La chefferie traditionnelle du royaume d'Assinie craint d'être spoliée de ses terres
On croyait le débat clos. Mais, en réalité, le feu couvait. Et si l’on n’y prend garde, on pourrait aller vers un litige foncier entre deux royaumes frères et voisins : Essouma et Etuebouet. Cela, parce qu’un opérateur immobilier, la Société ivoirienne de minerais et de pelayaite-Holding (Scimap holding), a décidé de mettre à exécution son projet dénommé Île Bleue.
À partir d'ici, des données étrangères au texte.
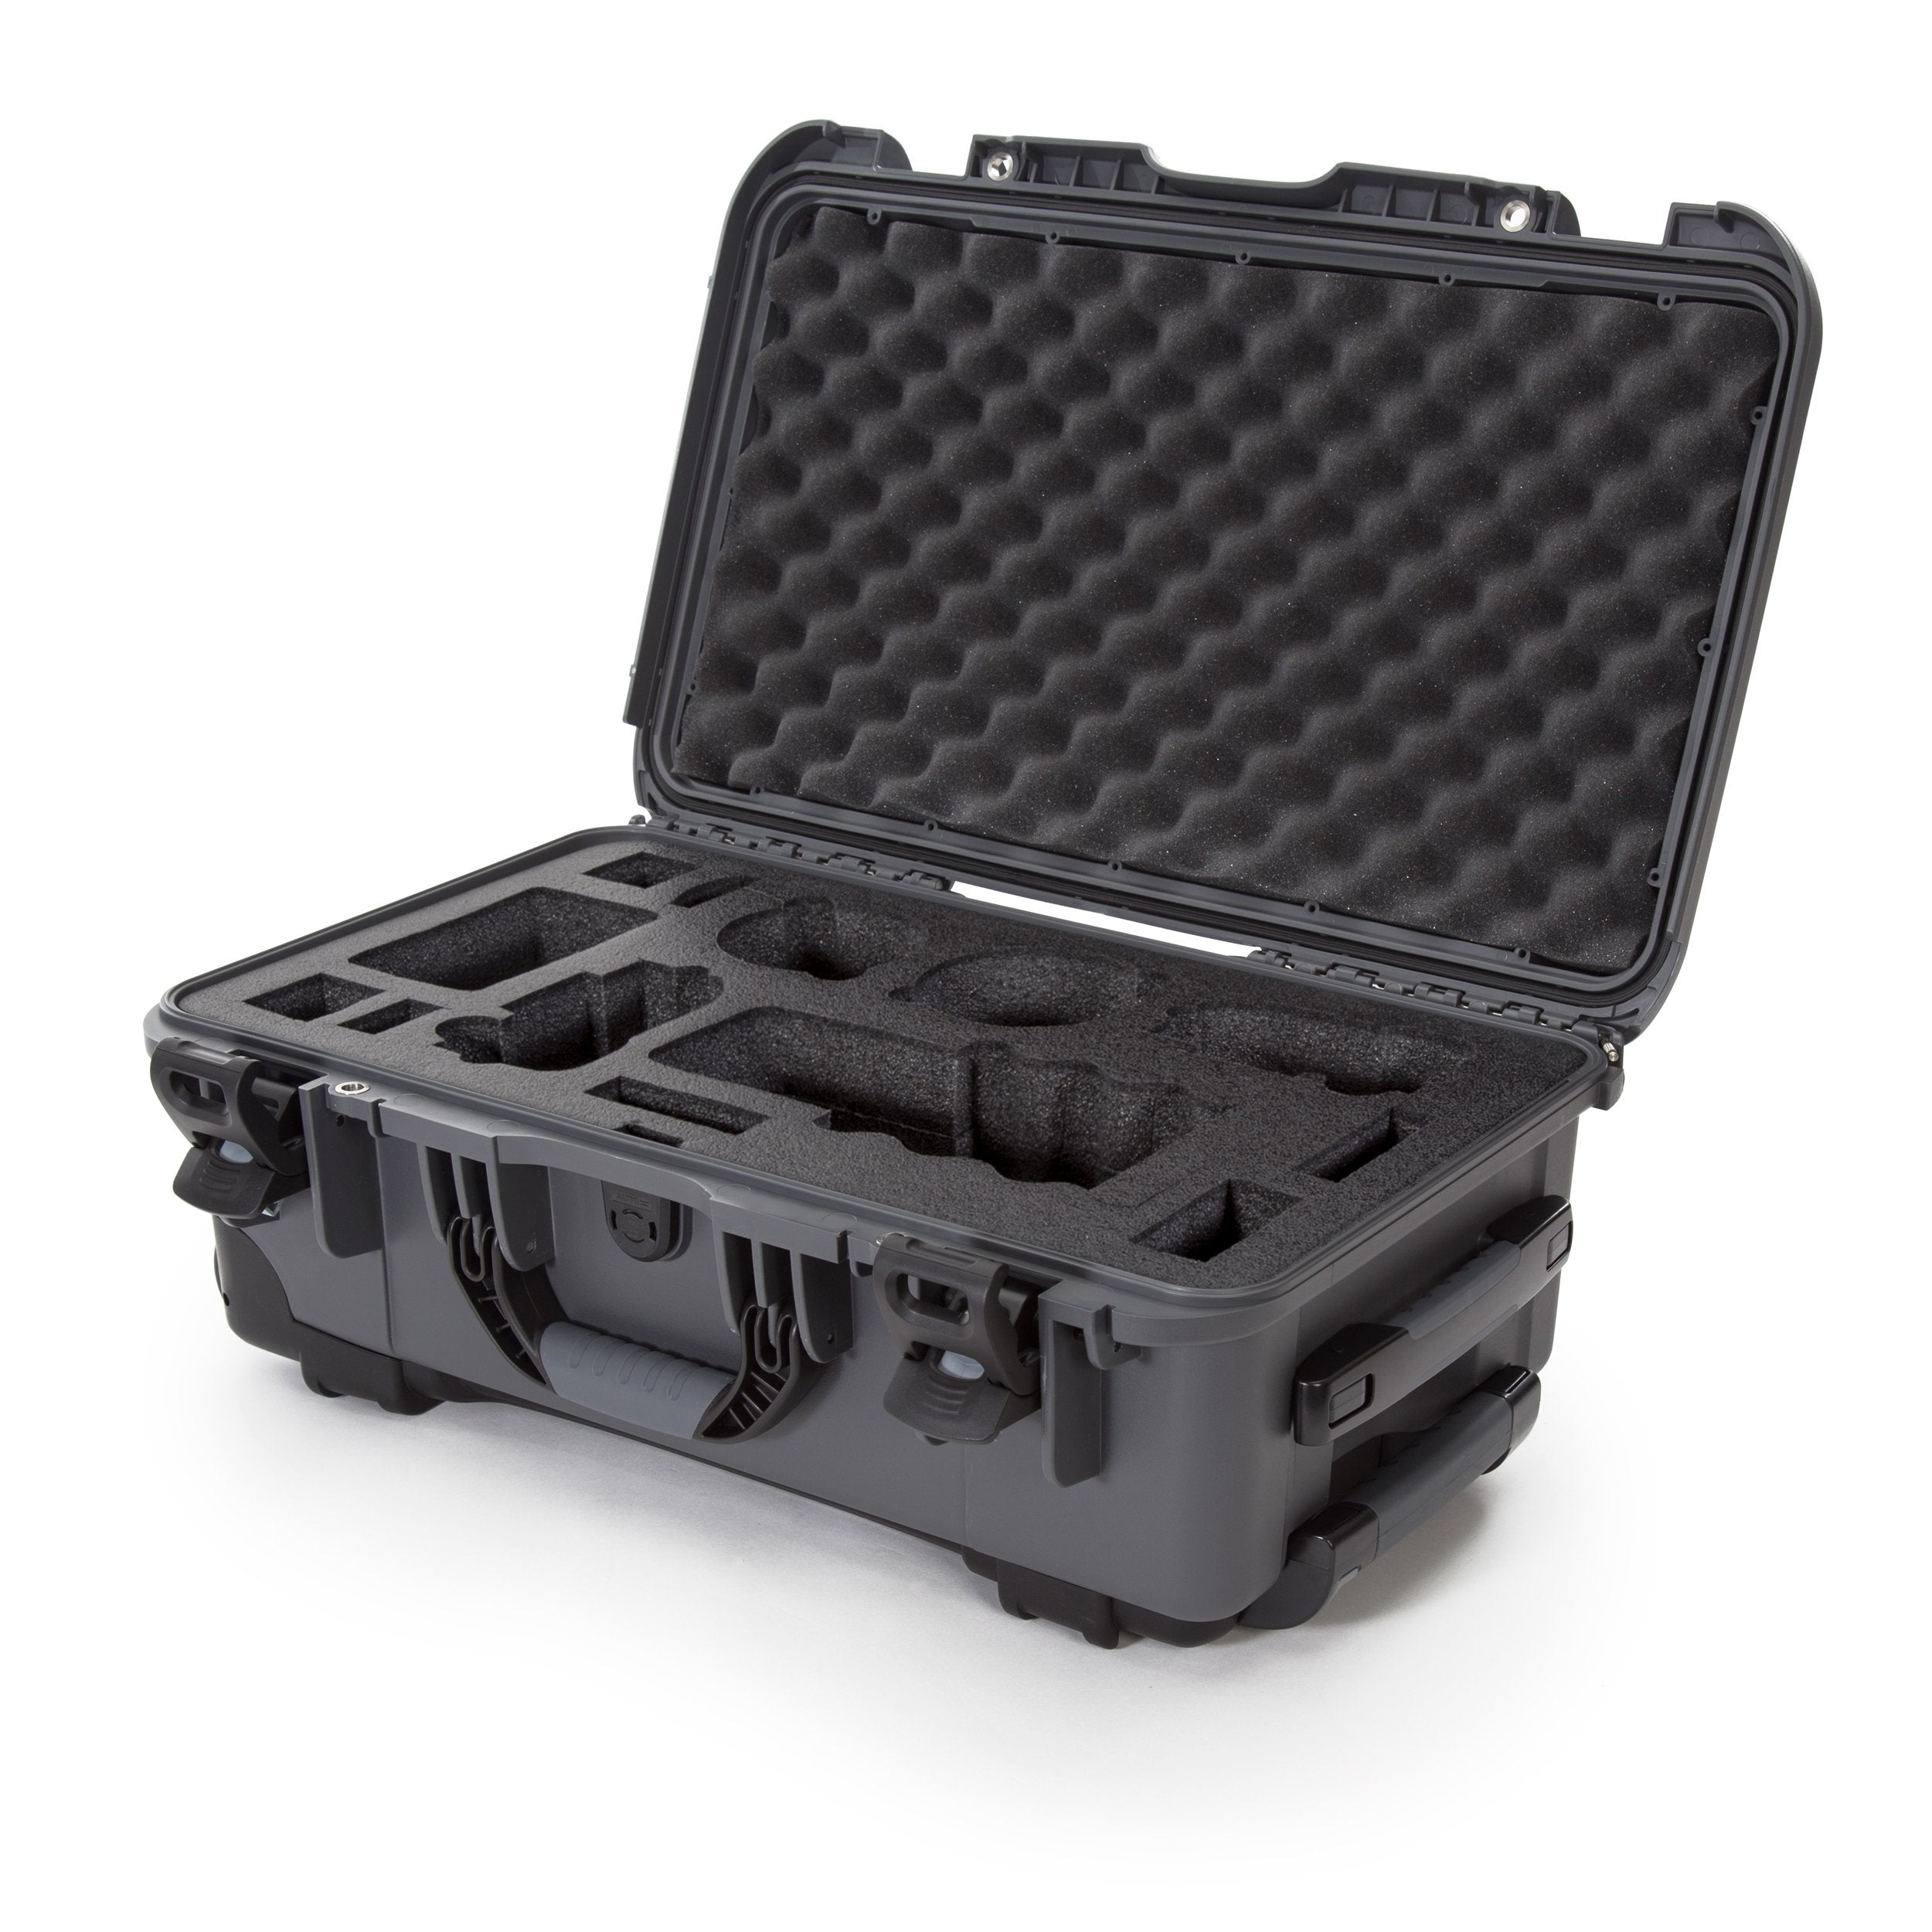 nanuk 933 dji drone waterproof hard case with custom foam insert for the phantom 4 pro 4 pro 4 pro 2 0 4 rtk olive
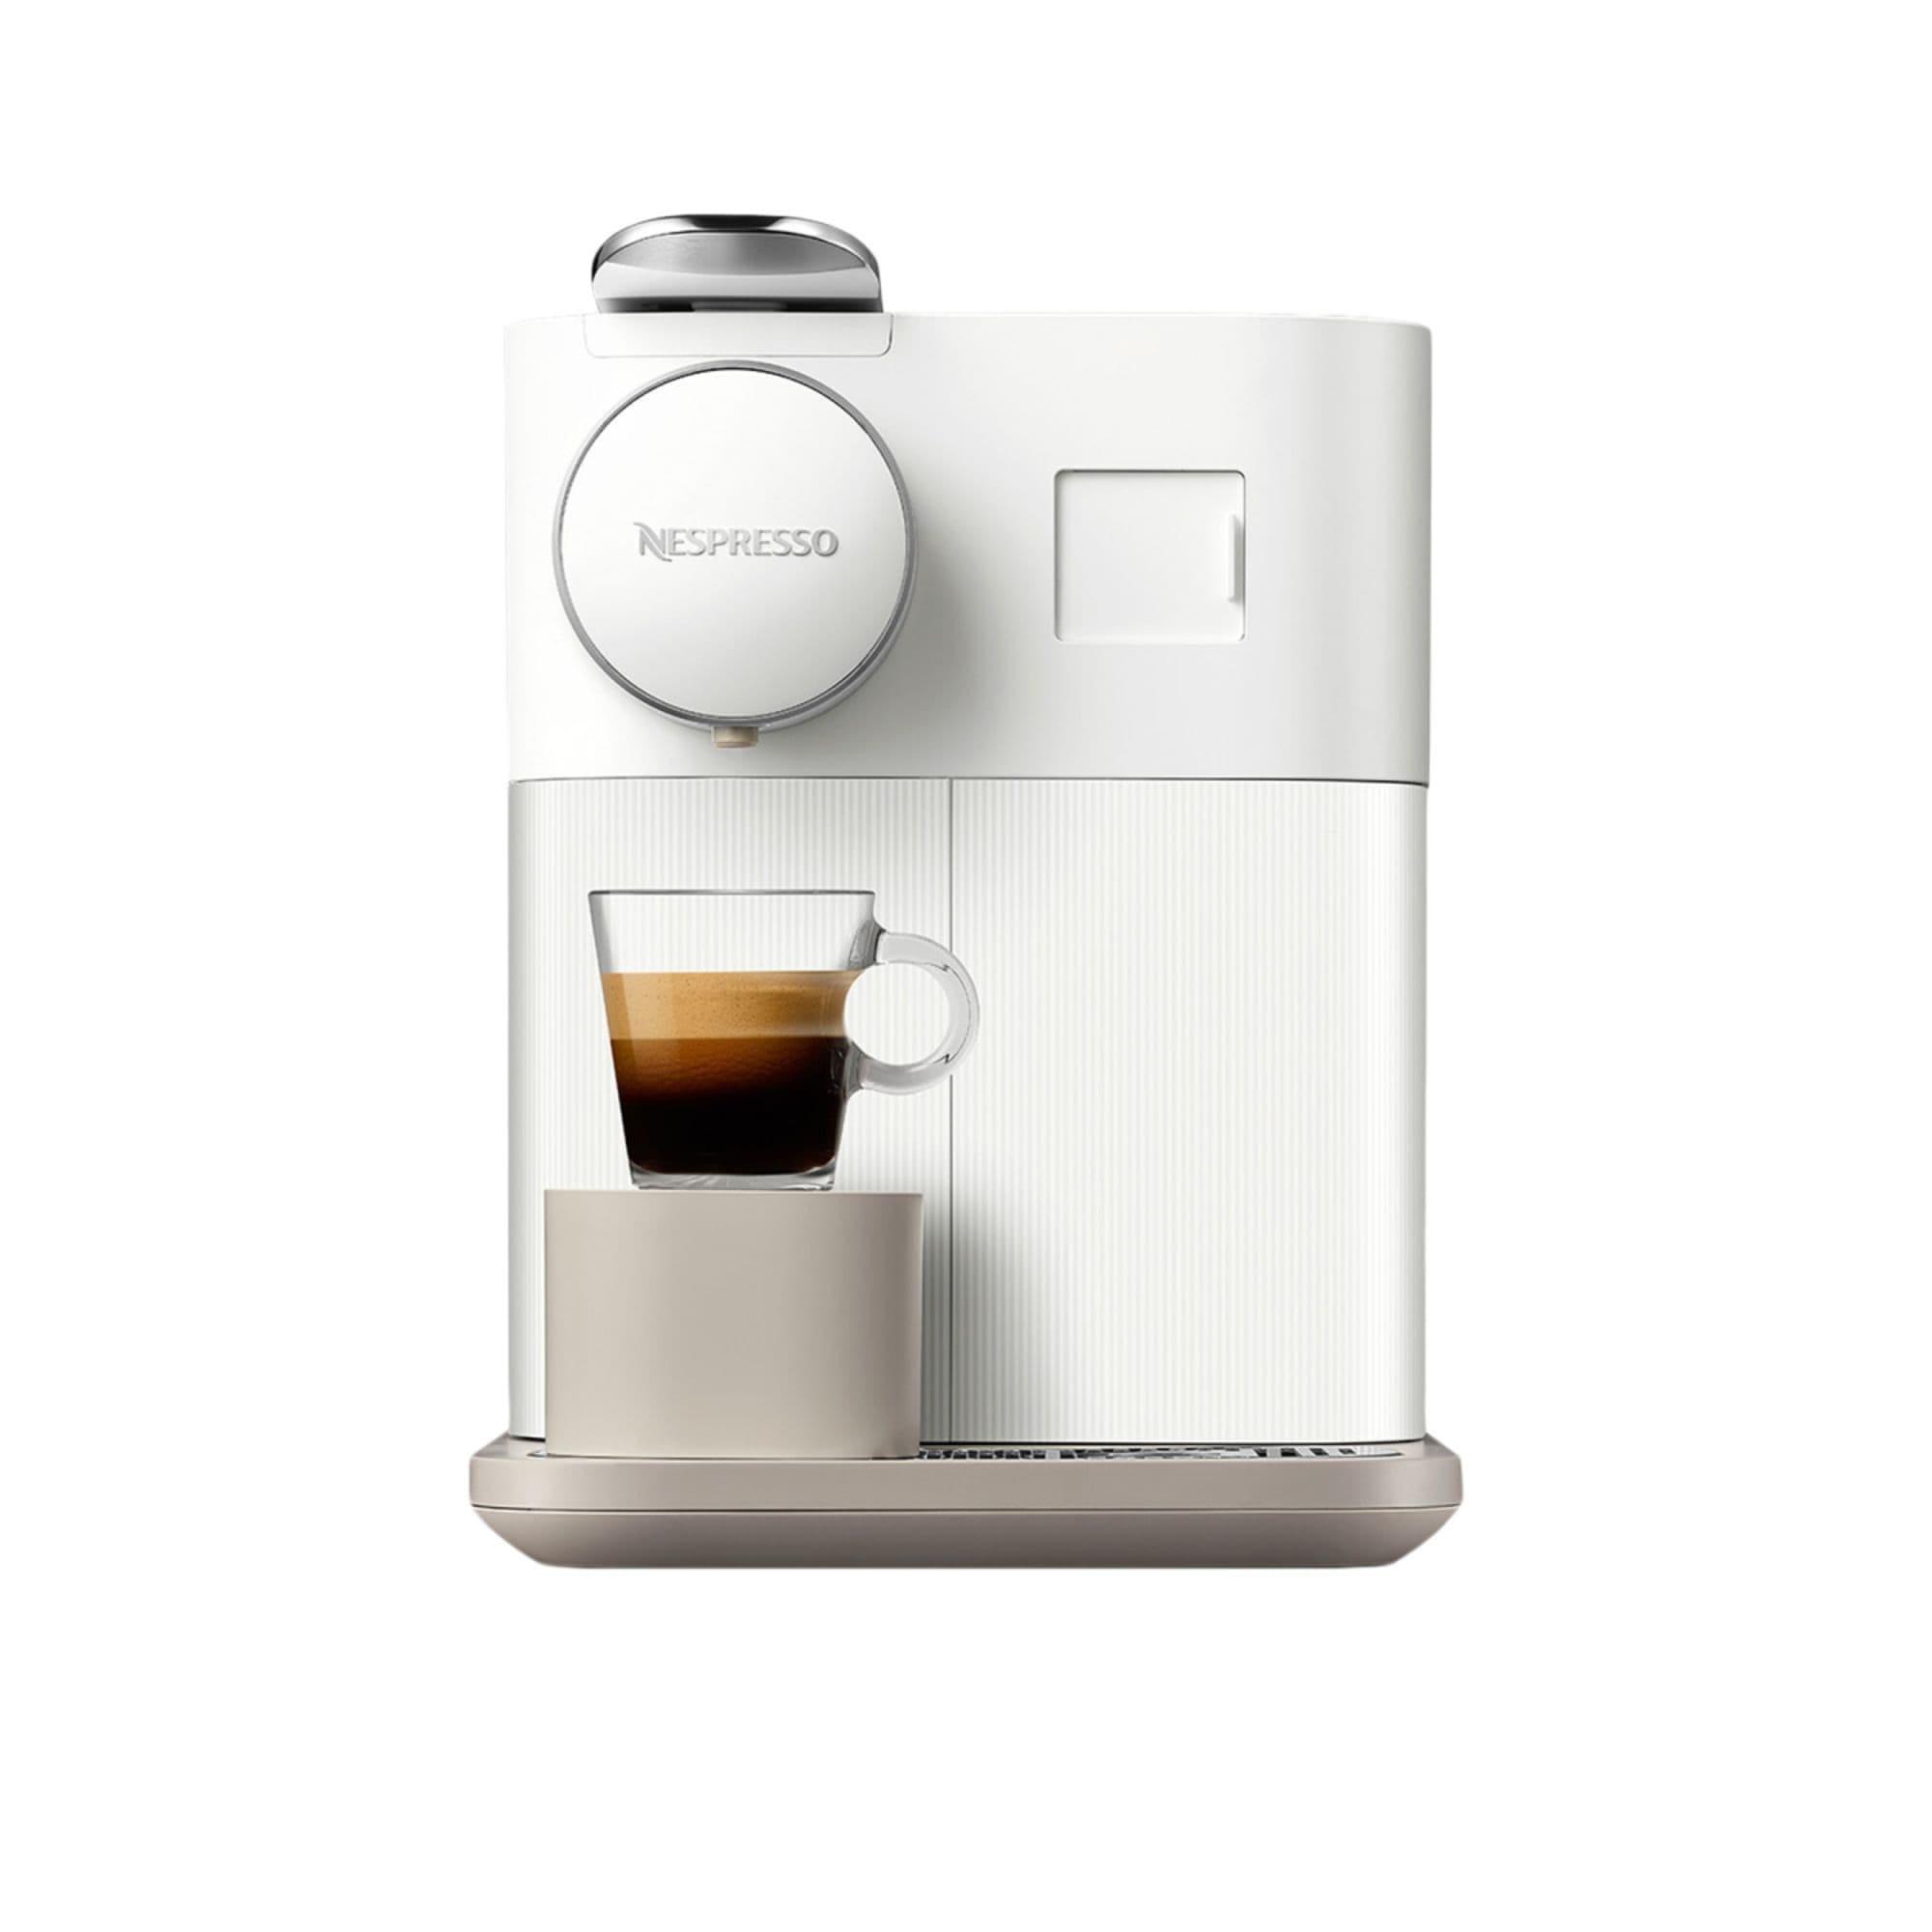 DeLonghi Nespresso Gran Lattisima EN640W Automatic Capsule Coffee Machine White Image 6

Le jeudi 6 juin 2024, réunis à la cour royale d’Assinie, les chefs de village ou leurs représentants ont dénoncé la tentative de relancer le projet : « Puisqu’il y a eu un statu quo, nous nous sommes dits que le problème était déjà résolu. Cette semaine, nous avons eu des échos (…) Nous avons appris que malgré notre insistance, le projet "Île Bleue" est encore relancé. Nous avons voulu vous appeler pour dénoncer cet état de fait », a lancé Ernest Kouassi, secrétaire du roi Awlaé Fian Mossou V qui a demandé à l’Etat d’intervenir.
Selon l’intervenant, quand ils avaient dénoncé les agissements de SCIMAP holding, tout s’était arrêté. Mais, depuis la semaine dernière, des témoignages rapportent que cette société est revenue à la charge avec des partenaires asiatiques.
L’origine de l’affaire
C’est le 9 novembre 2022 que le projet Île Bleue a été lancée. Ayant eu vent de cela, nous explique-t-on, les villages de la commune d’Assinie ont saisi par courrier le premier magistrat d’alors, Hippolyte Ebagnitchie, pour lui faire part de leurs préoccupations. « Nous, chefs de villages de la commune d’Assinie-Mafia, venons auprès de vous pour faire une opposition immédiate sur le projet de lotissement et de travaux d’aménagement d’un espace rural d’environ cinq mille (5 000) hectares, dans le cadre de la réalisation du projet dénommé Île Bleue », peut-on lire dans le courrier dont nous avons reçu copie.
A son tour, le maire a adressé un courrier au ministère de la Construction, du Logement et de l’Urbanisme pour l’informer de ce que l’opérateur immobilier situe le projet dans la sous-préfecture d’Etuebouet alors que huit des villages impactés par le promoteur font partie intégrante du ressort territorial de la commune d’Assinie-Mafia.
« Ni le maire ni le Conseil municipal et encore moins les services techniques de la commune (…) n’ont jamais été contactés par les promoteurs de ce qui semble être un projet clandestin. Pire, suite à des investigations réalisées par nos équipes techniques, il ressort qu’aucun dossier n’existe pour soutenir un tel projet », lit-on dans ce courrier datant du 7 novembre 2022.
Au dire du conférencier, en présence de Nanan Attoumani Ahémou, chef du village d’Assinie-Mafia et premier conseiller du roi, suite à un avis d’enquête de commodo et d’incommodo ouverte à la demande de la société SCIMAT-Holding, par la sous-préfecture d’Etueboué, MM Célestin Kouamé Ahouakan, Pascal Abizi Miezan, Michaël Azanin, Augustin Niamkey Assalé et Louis Avi Kacou avaient fait une opposition. Ils avaient même soutenu que la parcelle litigieuse est la propriété commune de leurs familles. Ajoutant que leurs parcelles sont dans la commune d’Assinie-Mafia et non dans celle d’Etuéboué et ont clairement signifié que cette société immobilière n’est ni propriétaire ni attributaire et encore moins cessionnaire desdites parcelles.
Les chefs de villages ne comprennent pas que ce projet ait été lancé sans une attestation des villages concernés. Ensuite, ils déplorent que des terres qui ont fait l’objet de lotissement par arrêté ministériel soient inclus dans ce projet sans l’avis des propriétaires terriens.
« Aujourd’hui, nous demandons à l’Etat de faire en sorte de surseoir à ce projet sinon nous serons spoliés de nos terres », plaide le royaume d’Assinie.
En 2018, l’érection d'Assinie-Mafia en commune a eu pour conséquence le reversement des villages impactés dans le royaume d’Assine.